### Task
Copy every line of the data below exactly as given, except for the pictures.

### Data block
****************

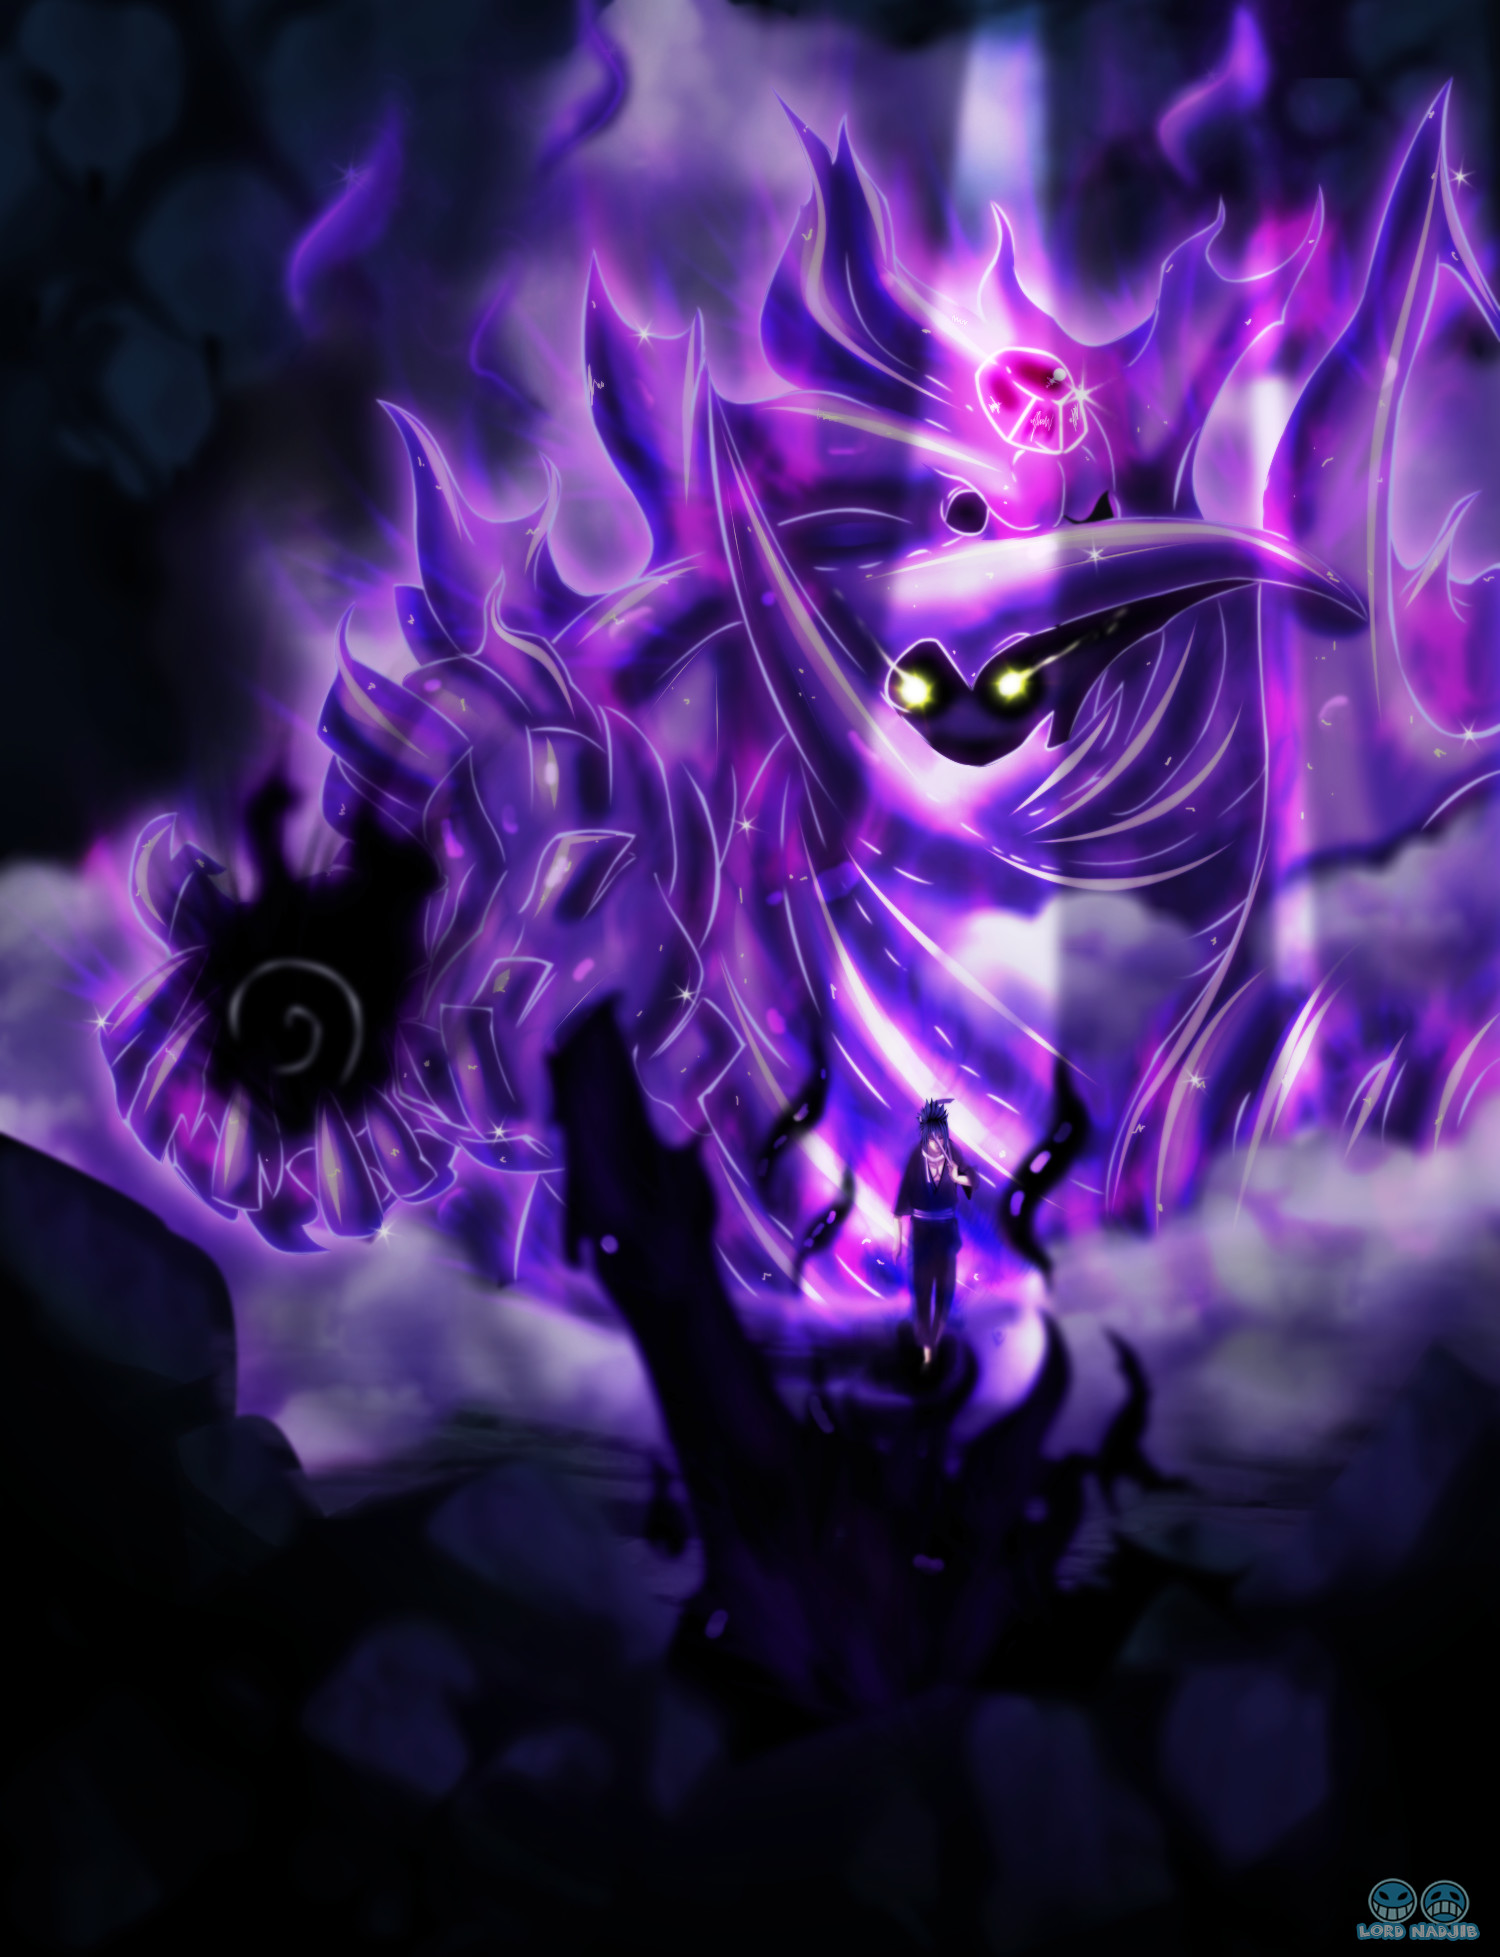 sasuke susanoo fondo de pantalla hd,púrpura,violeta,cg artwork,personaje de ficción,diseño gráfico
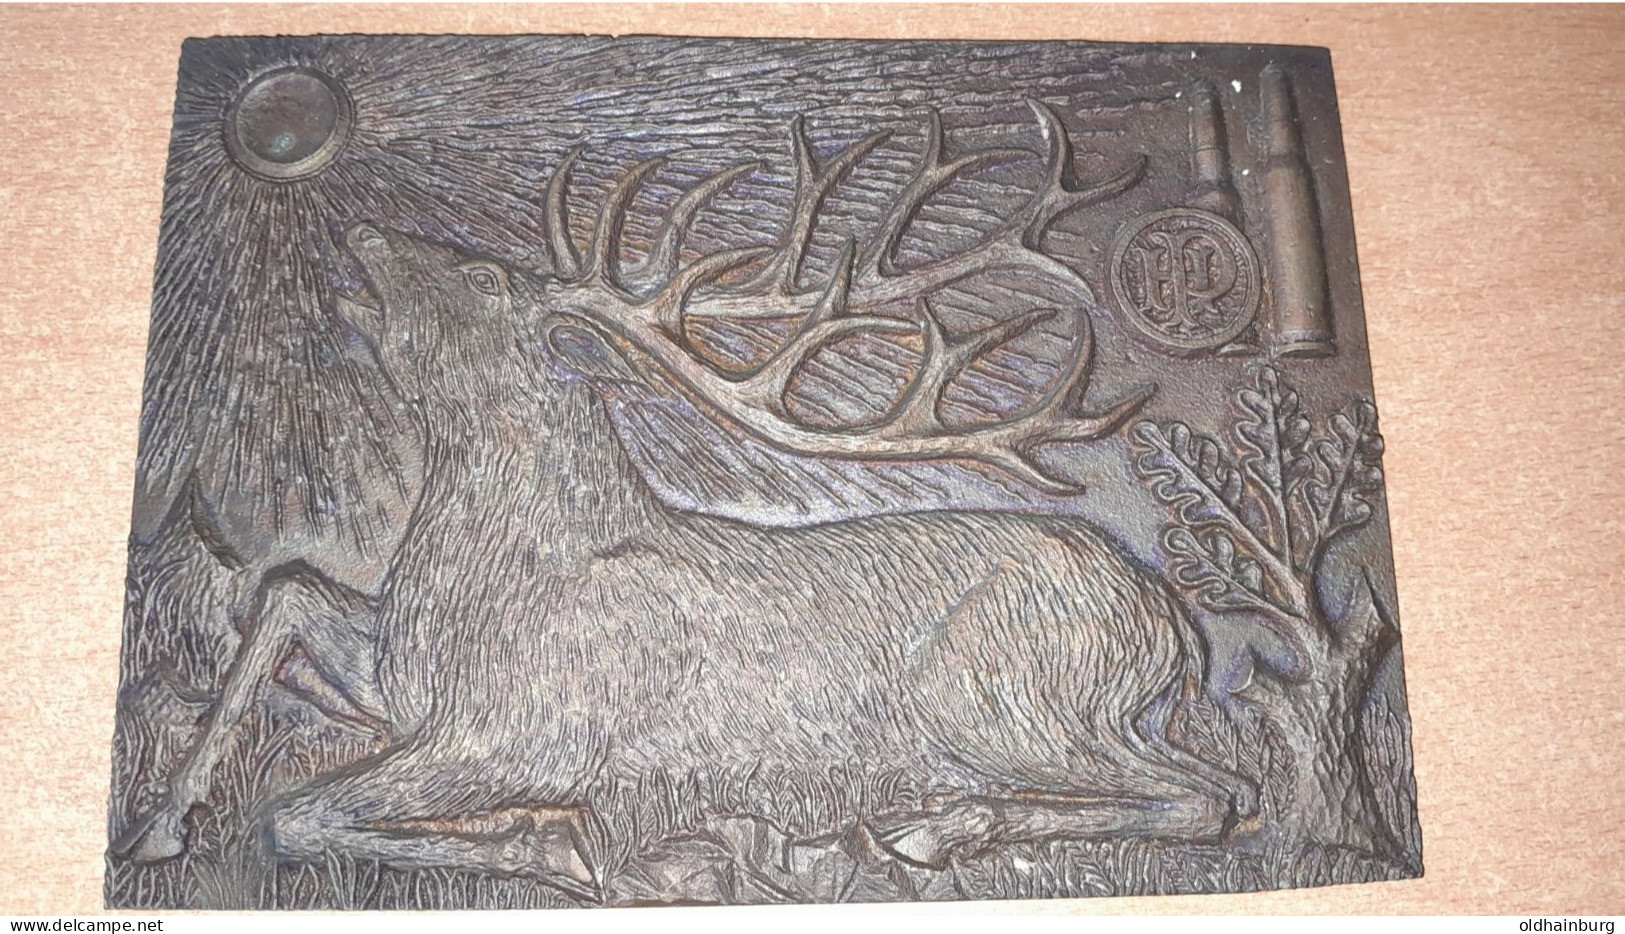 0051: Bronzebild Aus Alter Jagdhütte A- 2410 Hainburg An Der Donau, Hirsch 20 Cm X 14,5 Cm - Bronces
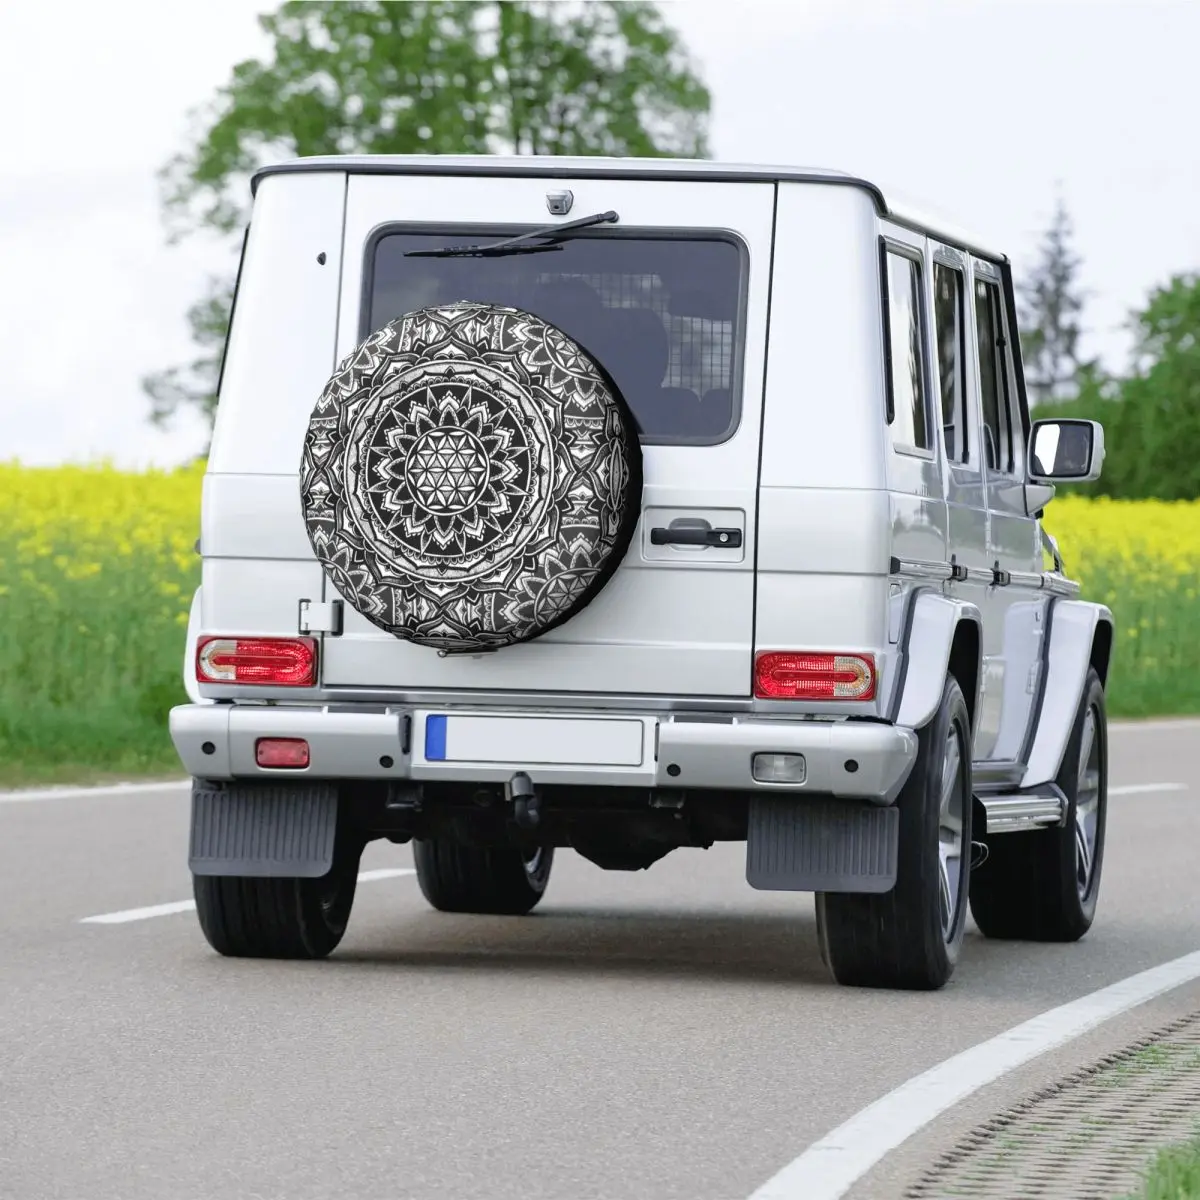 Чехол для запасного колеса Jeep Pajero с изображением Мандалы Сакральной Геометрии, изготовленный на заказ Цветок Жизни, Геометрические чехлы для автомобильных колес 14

****************

### Completed task
 sasuke susanoo fondo de pantalla hd,púrpura,violeta,cg artwork,personaje de ficción,diseño gráfico
 0051: Bronzebild Aus Alter Jagdhütte A- 2410 Hainburg An Der Donau, Hirsch 20 Cm X 14,5 Cm - Bronces
 Чехол для запасного колеса Jeep Pajero с изображением Мандалы Сакральной Геометрии, изготовленный на заказ Цветок Жизни, Геометрические чехлы для автомобильных колес 14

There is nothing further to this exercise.